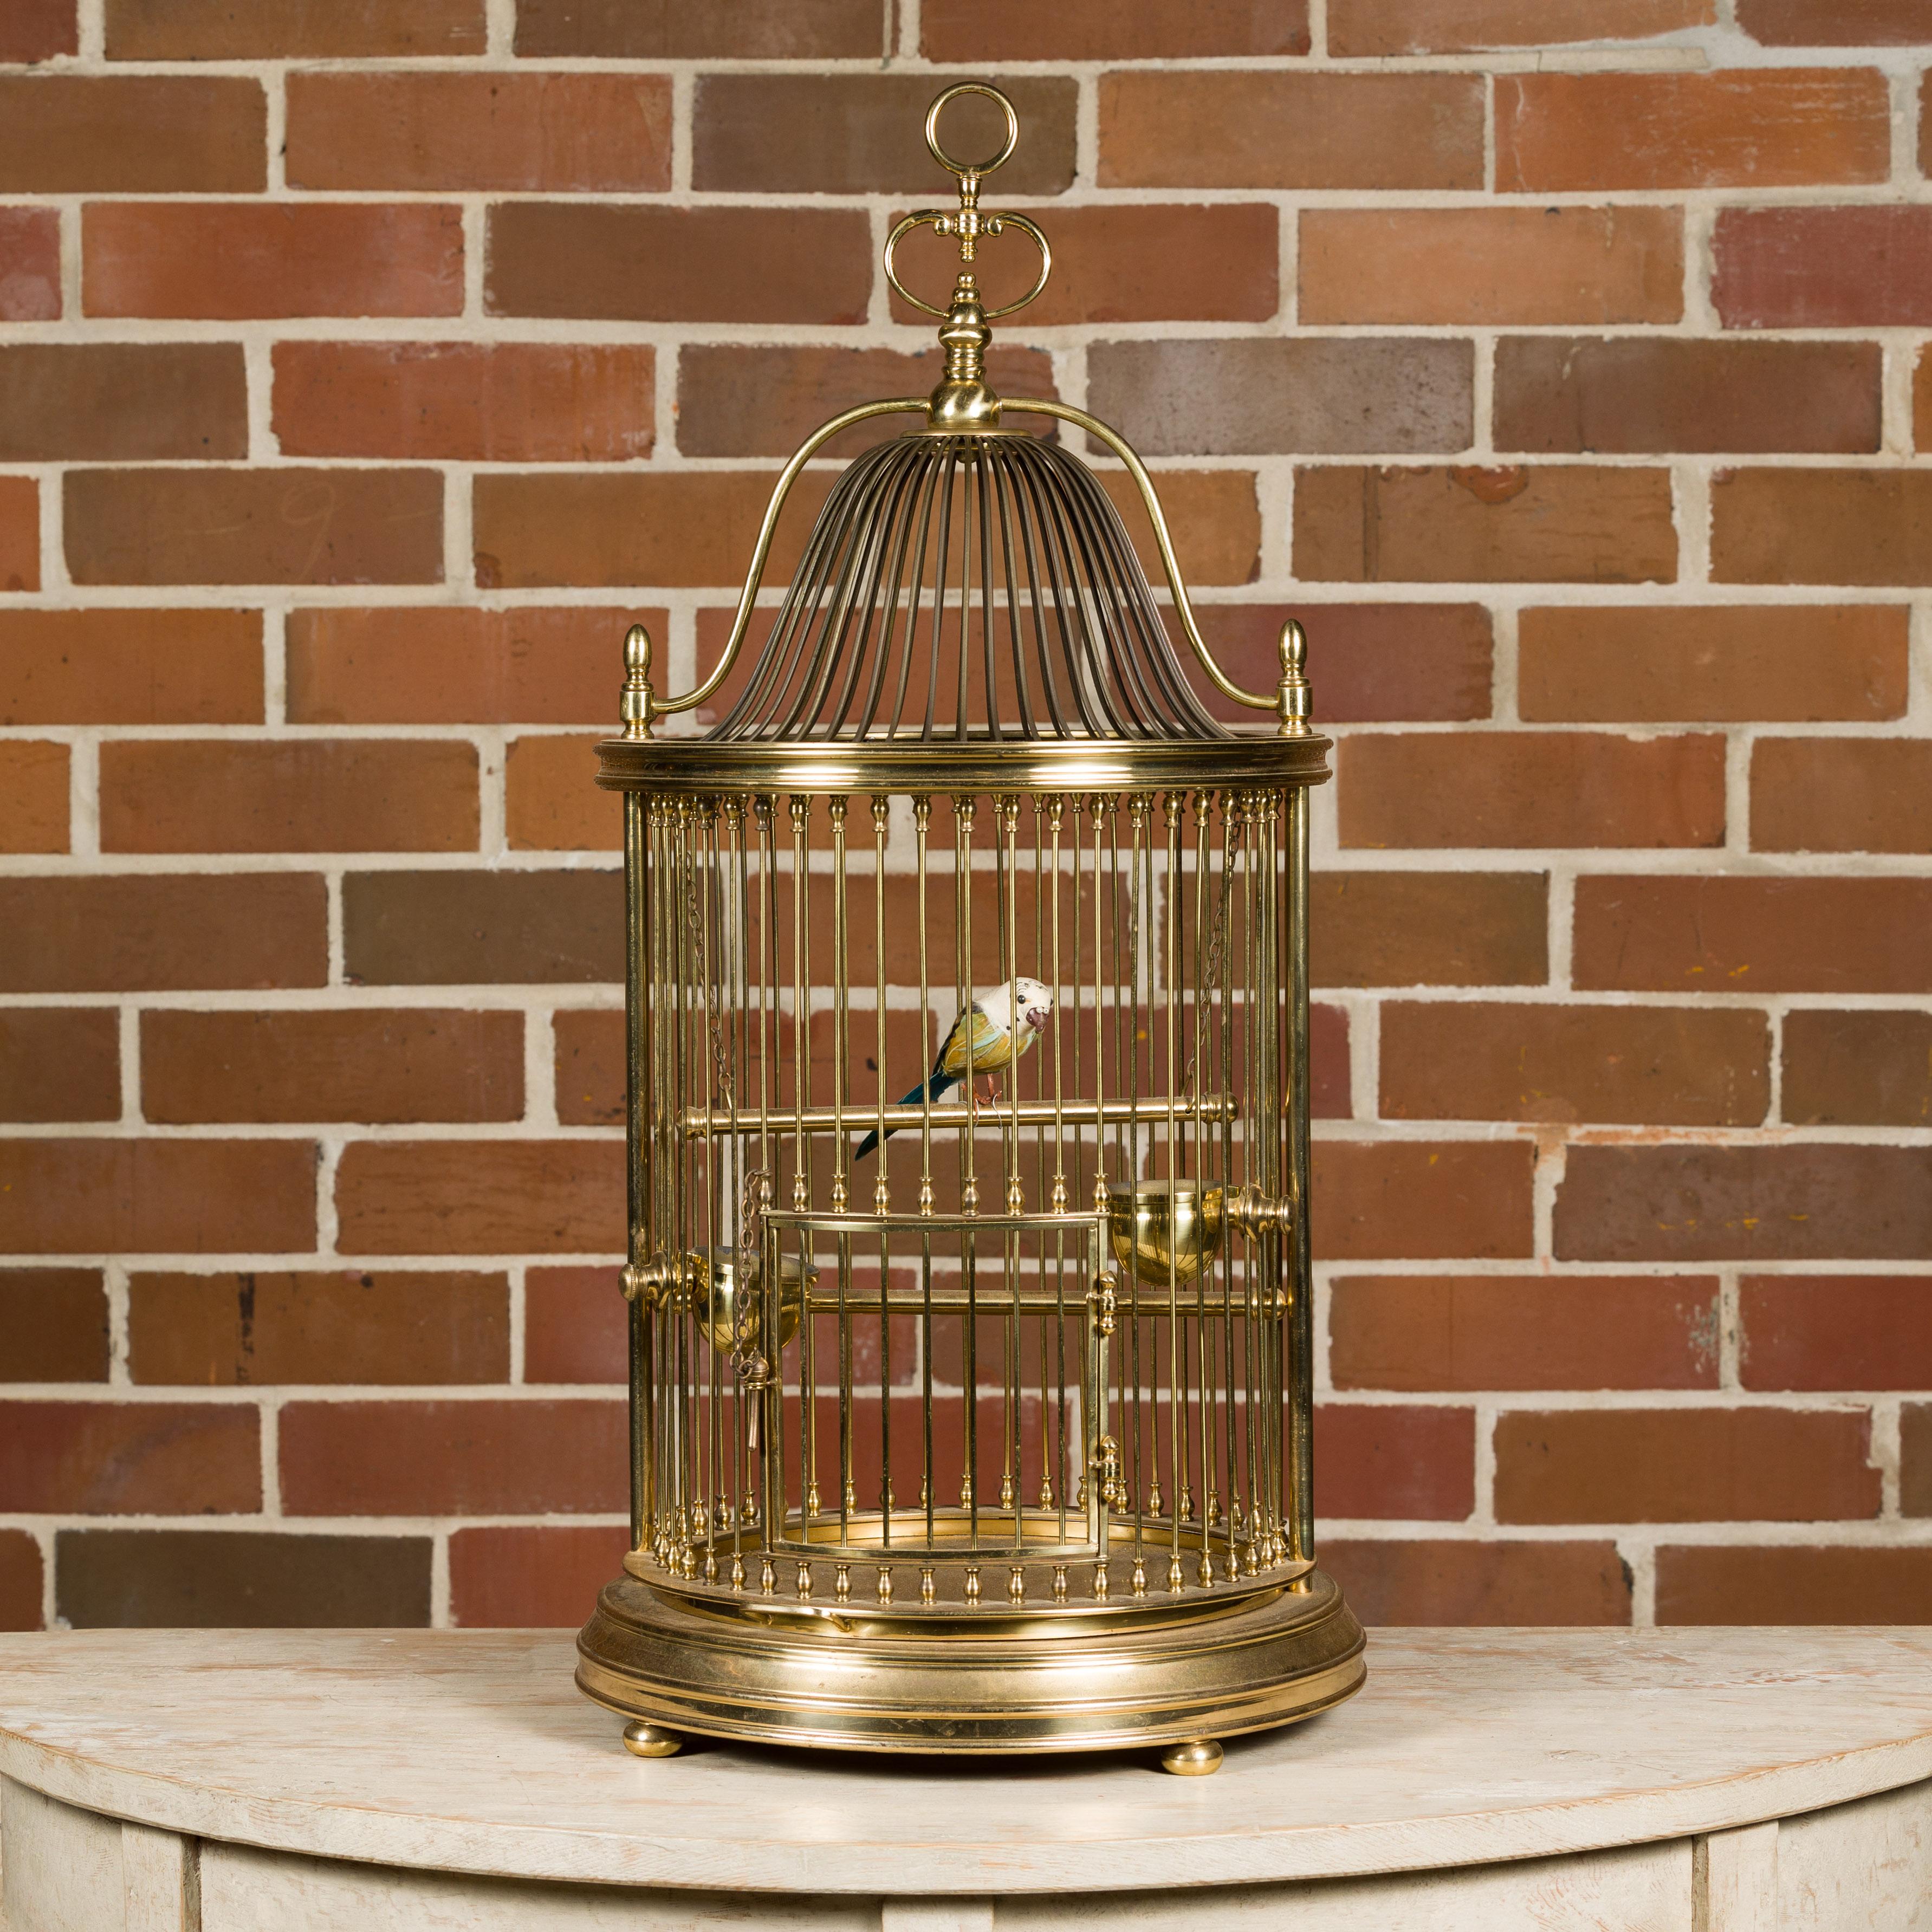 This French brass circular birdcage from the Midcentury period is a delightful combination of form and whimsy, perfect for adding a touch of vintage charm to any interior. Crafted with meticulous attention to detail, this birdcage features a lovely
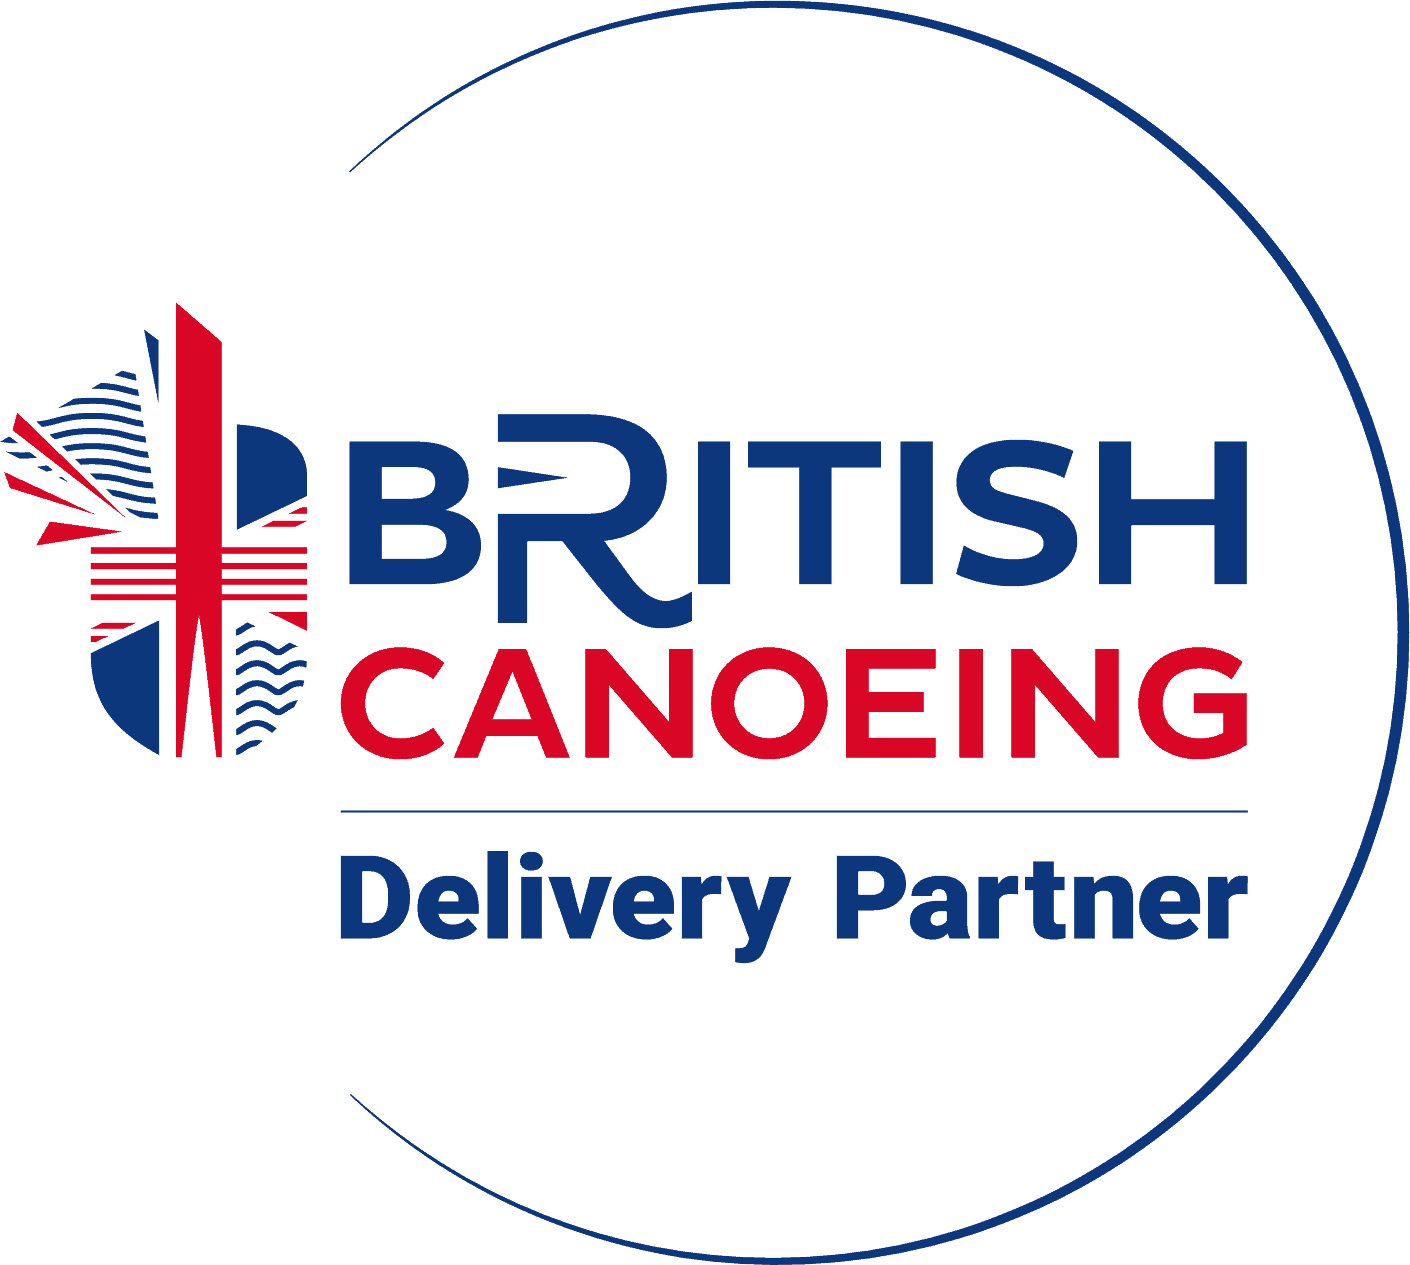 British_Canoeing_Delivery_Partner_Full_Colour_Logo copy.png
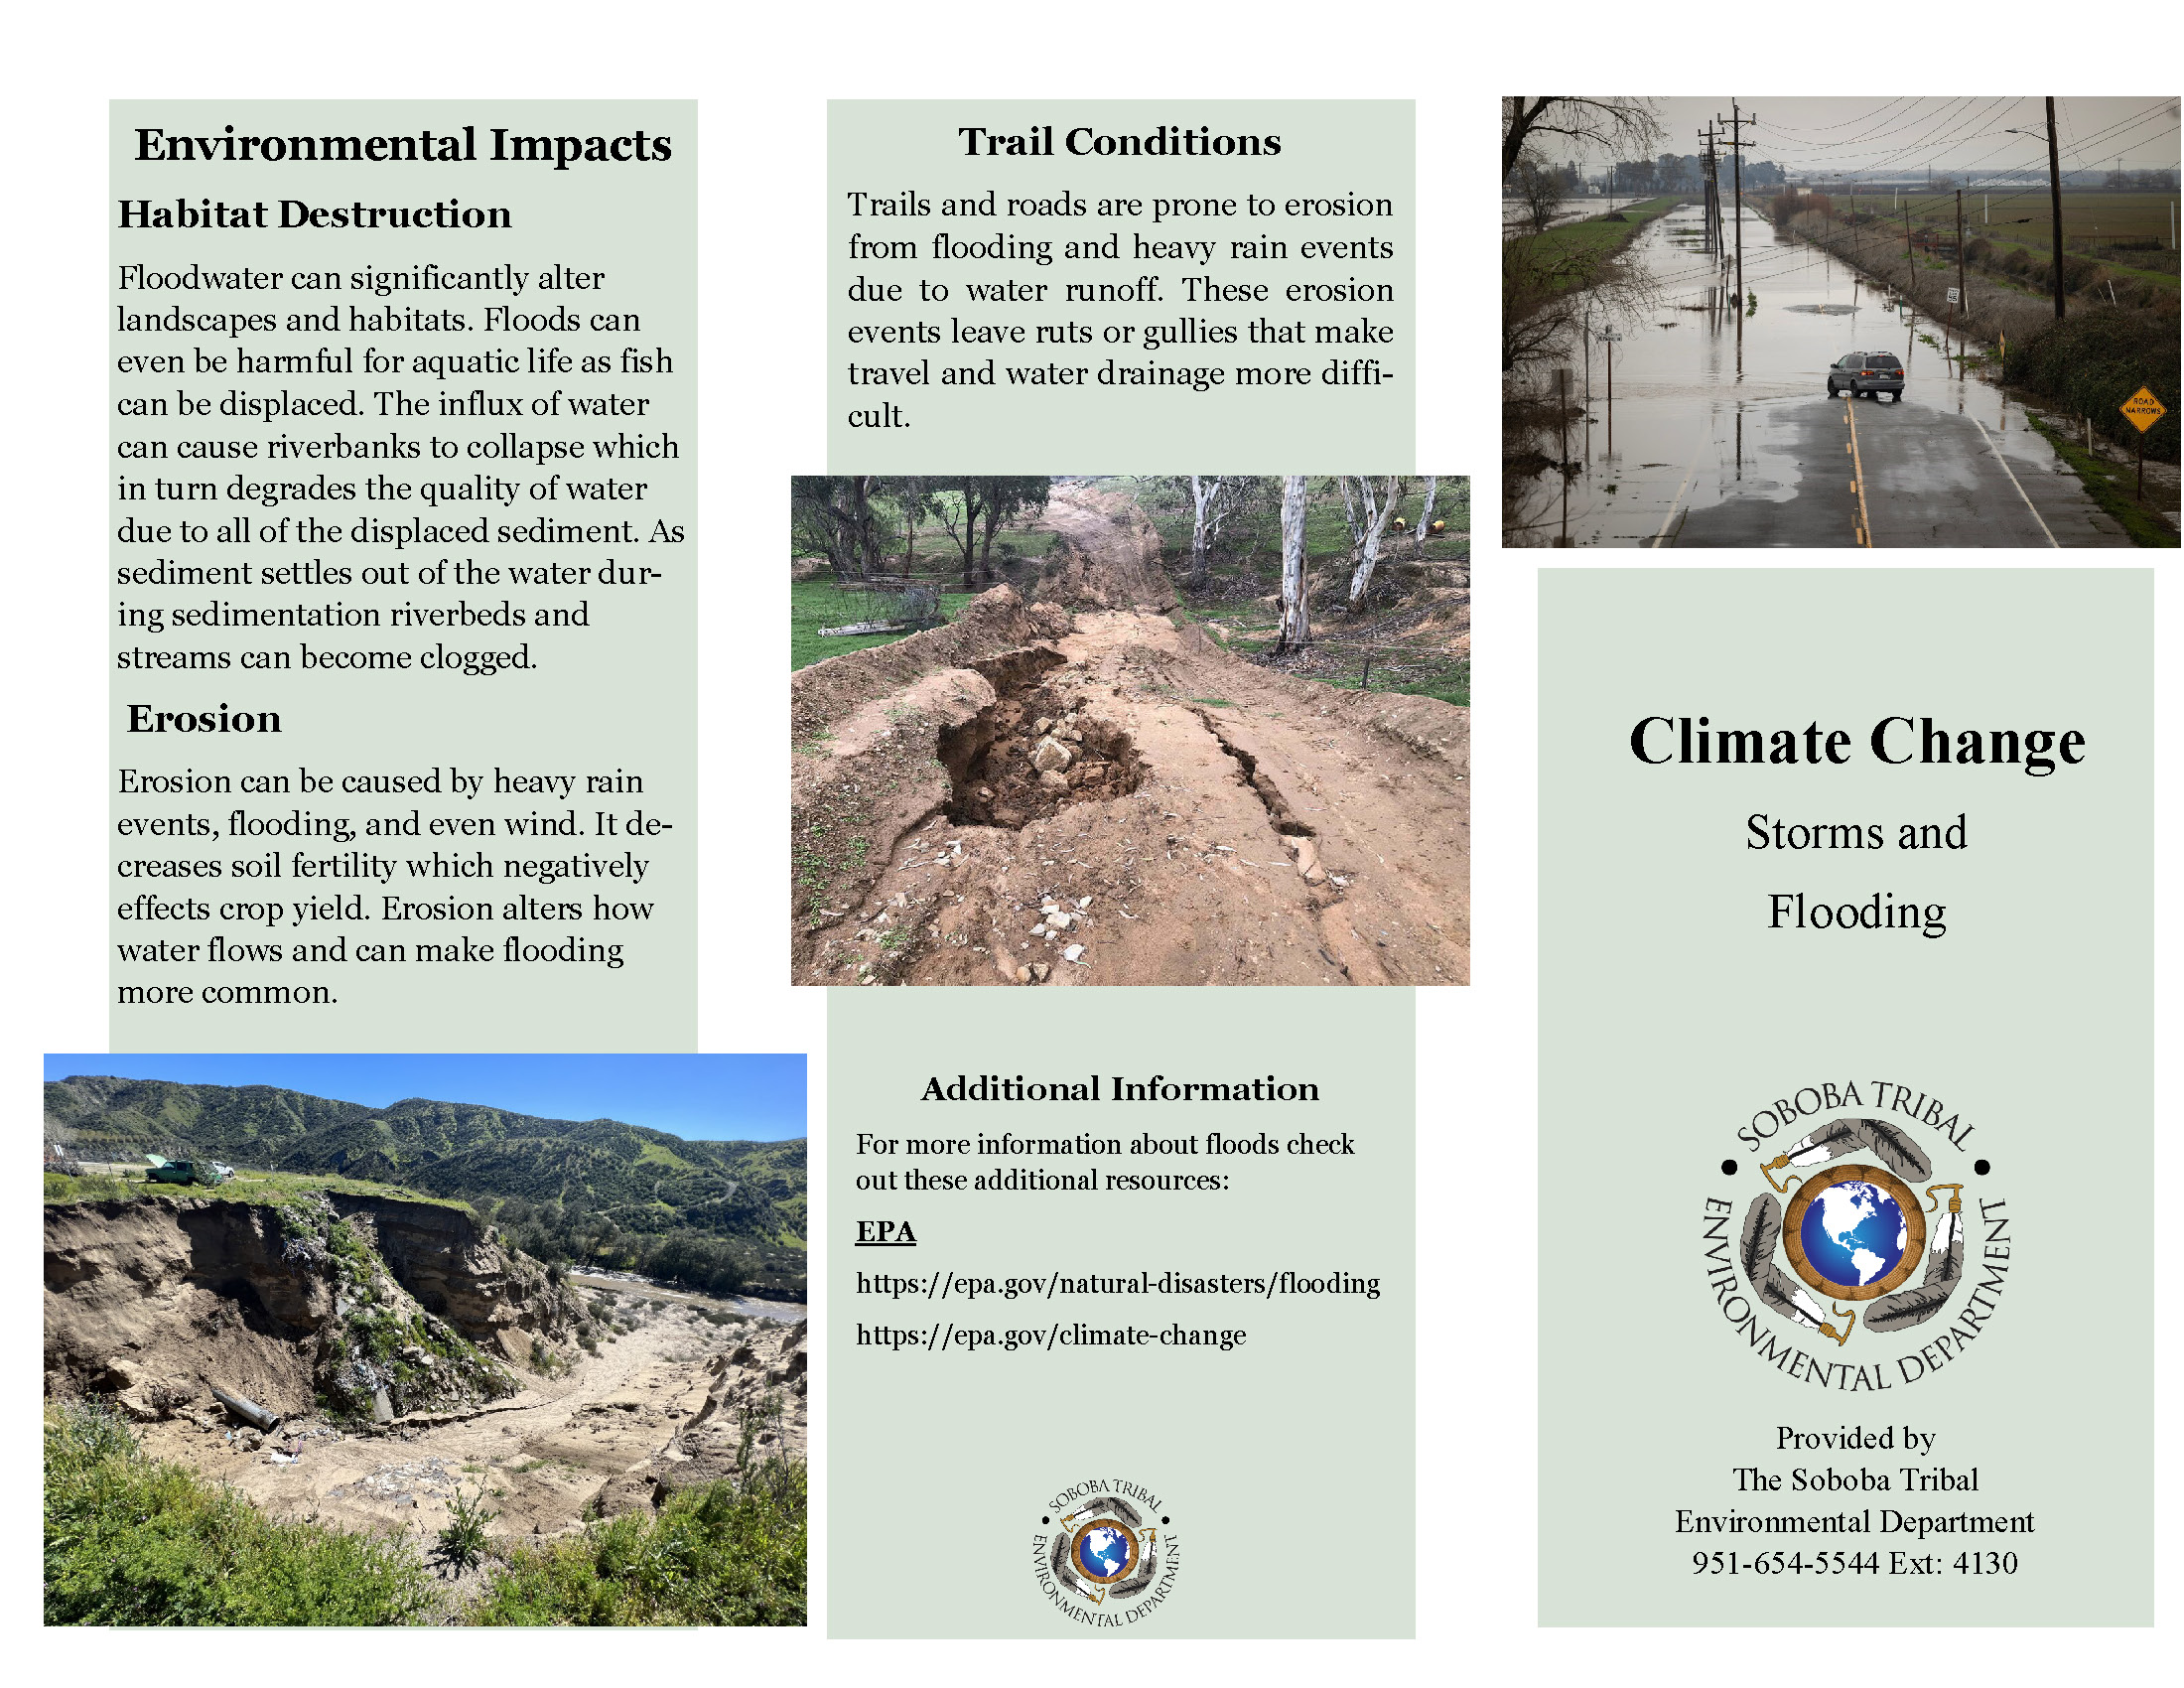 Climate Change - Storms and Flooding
----------------------------------------
## [Instructions for the task]
Put each line of the listing above into the copy exactly, dropping the pictures.

## [Response for this exercise]
 This French brass circular birdcage from the Midcentury period is a delightful combination of form and whimsy, perfect for adding a touch of vintage charm to any interior. Crafted with meticulous attention to detail, this birdcage features a lovely
 British_Canoeing_Delivery_Partner_Full_Colour_Logo copy.png
 Climate Change - Storms and Flooding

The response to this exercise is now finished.